When you pass a pointer as a parameter, there's always the possibility that someone will pass NULL, which will probably crash the program. You can avoid the bug by making the parameter a reference or const reference instead. It's much harder to create a "null reference" and if the caller does, then it's their fault, not yours.
The bigger problem is returning a raw pointer from a function. The calling code needs to know if the function can return NULL. More importantly, the caller needs to know how long the pointer is valid.
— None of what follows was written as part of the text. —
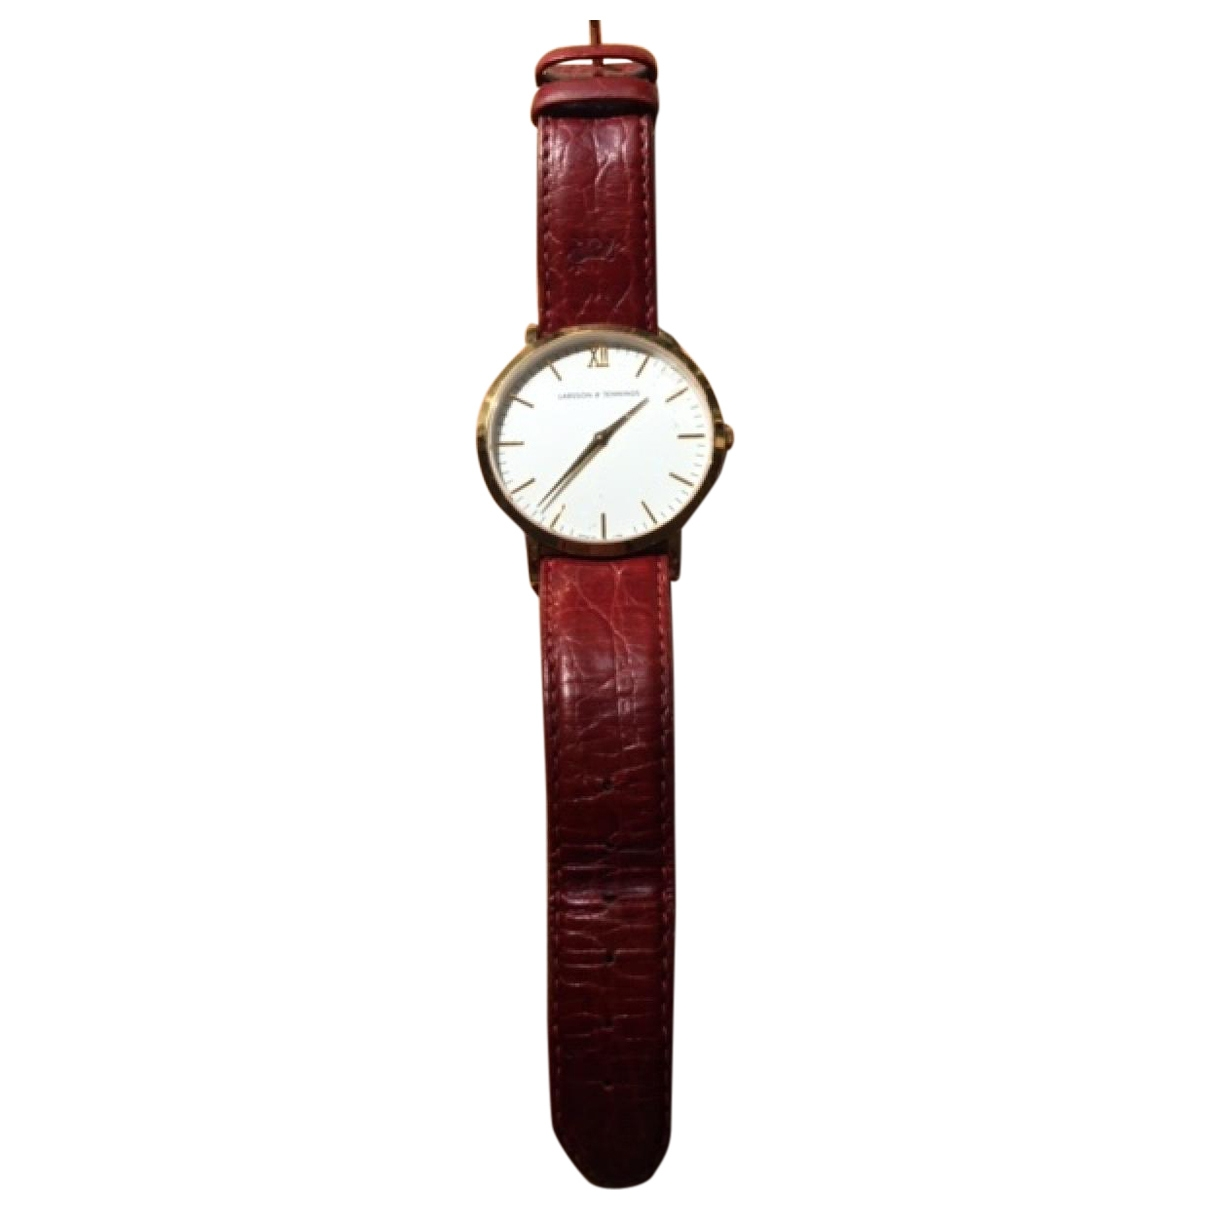 Larsson & Jennings \N Red Yellow gold watch for Women \N

The answer might be:
- Until the next call to the function, such as when returning a pointer to a static
- Until the caller deletes it, such as when returning an object that was newly created on the heap
- Until the same thread calls the function again.
- Probably others.
Usually, programmers fail to document the answer and the caller is left guessing, which leads to bugs.
You can avoid the problem completely by returning an instance of the object itself. That way the caller can store the result wherever they want for however long they want.
Salem C combined both points when he suggested this:
MyTime computeTimeDifference(const MyTime &t1, const MyTime t2)
This avoids both problems. The parameters are const references so it's very hard to pass in a null object, and the return value is an instance of the class, so you don't have to worry about how long it's valid.